# Assignment
Repeat the lines below exactly as written, please, from the line with "WISH RAKHI STATUS" to the line with "Rolex Stainless Steel", both lines included, and no others.

# Data listing
======

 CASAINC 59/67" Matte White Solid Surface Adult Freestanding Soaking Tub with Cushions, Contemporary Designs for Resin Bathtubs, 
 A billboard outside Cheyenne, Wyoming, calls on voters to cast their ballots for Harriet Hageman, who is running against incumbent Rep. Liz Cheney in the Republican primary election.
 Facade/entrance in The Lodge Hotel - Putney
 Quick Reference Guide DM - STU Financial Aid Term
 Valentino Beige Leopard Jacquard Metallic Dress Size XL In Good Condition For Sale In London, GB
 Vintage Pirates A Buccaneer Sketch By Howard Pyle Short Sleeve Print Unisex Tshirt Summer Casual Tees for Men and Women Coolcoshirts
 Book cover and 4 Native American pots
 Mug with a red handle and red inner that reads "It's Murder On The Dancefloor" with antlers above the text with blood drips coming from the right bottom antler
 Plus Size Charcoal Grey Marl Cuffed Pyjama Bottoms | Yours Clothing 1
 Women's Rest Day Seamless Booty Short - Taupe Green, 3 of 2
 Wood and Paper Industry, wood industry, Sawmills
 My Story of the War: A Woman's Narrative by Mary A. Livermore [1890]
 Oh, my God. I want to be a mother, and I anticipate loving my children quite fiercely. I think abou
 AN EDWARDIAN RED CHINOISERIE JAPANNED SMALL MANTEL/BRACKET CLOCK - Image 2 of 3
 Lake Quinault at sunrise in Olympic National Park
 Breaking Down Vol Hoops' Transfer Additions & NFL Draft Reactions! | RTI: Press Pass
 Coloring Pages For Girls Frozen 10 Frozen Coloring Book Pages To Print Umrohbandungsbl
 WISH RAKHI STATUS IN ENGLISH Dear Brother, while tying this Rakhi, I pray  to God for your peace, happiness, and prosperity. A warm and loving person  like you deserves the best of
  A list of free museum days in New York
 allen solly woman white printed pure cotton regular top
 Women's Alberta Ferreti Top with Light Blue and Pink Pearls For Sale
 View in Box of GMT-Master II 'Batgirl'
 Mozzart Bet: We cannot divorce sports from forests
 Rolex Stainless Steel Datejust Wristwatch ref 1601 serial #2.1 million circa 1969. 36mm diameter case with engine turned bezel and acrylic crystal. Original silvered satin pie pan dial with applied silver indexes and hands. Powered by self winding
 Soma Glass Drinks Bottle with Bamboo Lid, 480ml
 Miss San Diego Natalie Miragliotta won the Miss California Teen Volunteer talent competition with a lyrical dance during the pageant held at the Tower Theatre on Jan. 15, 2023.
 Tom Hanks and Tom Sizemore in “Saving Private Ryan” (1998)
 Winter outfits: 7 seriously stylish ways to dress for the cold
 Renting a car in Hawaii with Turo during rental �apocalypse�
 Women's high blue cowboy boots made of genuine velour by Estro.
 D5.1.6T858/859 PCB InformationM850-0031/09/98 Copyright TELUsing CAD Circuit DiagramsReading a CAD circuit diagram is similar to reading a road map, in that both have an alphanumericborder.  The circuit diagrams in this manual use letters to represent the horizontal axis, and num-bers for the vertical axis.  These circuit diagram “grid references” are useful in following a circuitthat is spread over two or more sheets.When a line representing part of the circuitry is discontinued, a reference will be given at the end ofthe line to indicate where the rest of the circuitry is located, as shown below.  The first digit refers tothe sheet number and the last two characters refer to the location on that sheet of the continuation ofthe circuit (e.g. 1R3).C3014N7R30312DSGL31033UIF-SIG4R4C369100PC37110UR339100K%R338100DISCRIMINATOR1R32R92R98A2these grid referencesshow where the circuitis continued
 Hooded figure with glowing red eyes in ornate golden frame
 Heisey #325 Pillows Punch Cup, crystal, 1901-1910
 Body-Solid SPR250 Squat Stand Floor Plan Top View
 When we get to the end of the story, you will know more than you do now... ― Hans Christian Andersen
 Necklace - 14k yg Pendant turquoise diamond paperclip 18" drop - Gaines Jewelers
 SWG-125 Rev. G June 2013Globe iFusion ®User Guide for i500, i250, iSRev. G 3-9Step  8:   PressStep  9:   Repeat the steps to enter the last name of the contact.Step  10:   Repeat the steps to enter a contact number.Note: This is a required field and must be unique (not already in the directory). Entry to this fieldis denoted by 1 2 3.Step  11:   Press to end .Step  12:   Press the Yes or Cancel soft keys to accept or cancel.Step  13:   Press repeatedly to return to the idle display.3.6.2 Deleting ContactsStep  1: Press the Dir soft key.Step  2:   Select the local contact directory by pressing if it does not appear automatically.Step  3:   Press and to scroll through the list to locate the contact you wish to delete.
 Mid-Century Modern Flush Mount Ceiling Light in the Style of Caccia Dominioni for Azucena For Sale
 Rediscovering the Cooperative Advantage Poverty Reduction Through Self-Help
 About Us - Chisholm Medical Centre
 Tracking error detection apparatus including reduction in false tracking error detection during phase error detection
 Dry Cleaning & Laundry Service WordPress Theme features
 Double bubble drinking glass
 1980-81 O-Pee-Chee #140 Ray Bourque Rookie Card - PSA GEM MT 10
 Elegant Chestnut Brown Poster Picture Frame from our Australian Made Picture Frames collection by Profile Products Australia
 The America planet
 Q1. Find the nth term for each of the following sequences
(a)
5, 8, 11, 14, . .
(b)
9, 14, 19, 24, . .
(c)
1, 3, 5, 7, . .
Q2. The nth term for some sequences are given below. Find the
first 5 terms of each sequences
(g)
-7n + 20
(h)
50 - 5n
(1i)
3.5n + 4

======

# Answer to the problem
 WISH RAKHI STATUS IN ENGLISH Dear Brother, while tying this Rakhi, I pray  to God for your peace, happiness, and prosperity. A warm and loving person  like you deserves the best of
  A list of free museum days in New York
 allen solly woman white printed pure cotton regular top
 Women's Alberta Ferreti Top with Light Blue and Pink Pearls For Sale
 View in Box of GMT-Master II 'Batgirl'
 Mozzart Bet: We cannot divorce sports from forests
 Rolex Stainless Steel Datejust Wristwatch ref 1601 serial #2.1 million circa 1969. 36mm diameter case with engine turned bezel and acrylic crystal. Original silvered satin pie pan dial with applied silver indexes and hands. Powered by self winding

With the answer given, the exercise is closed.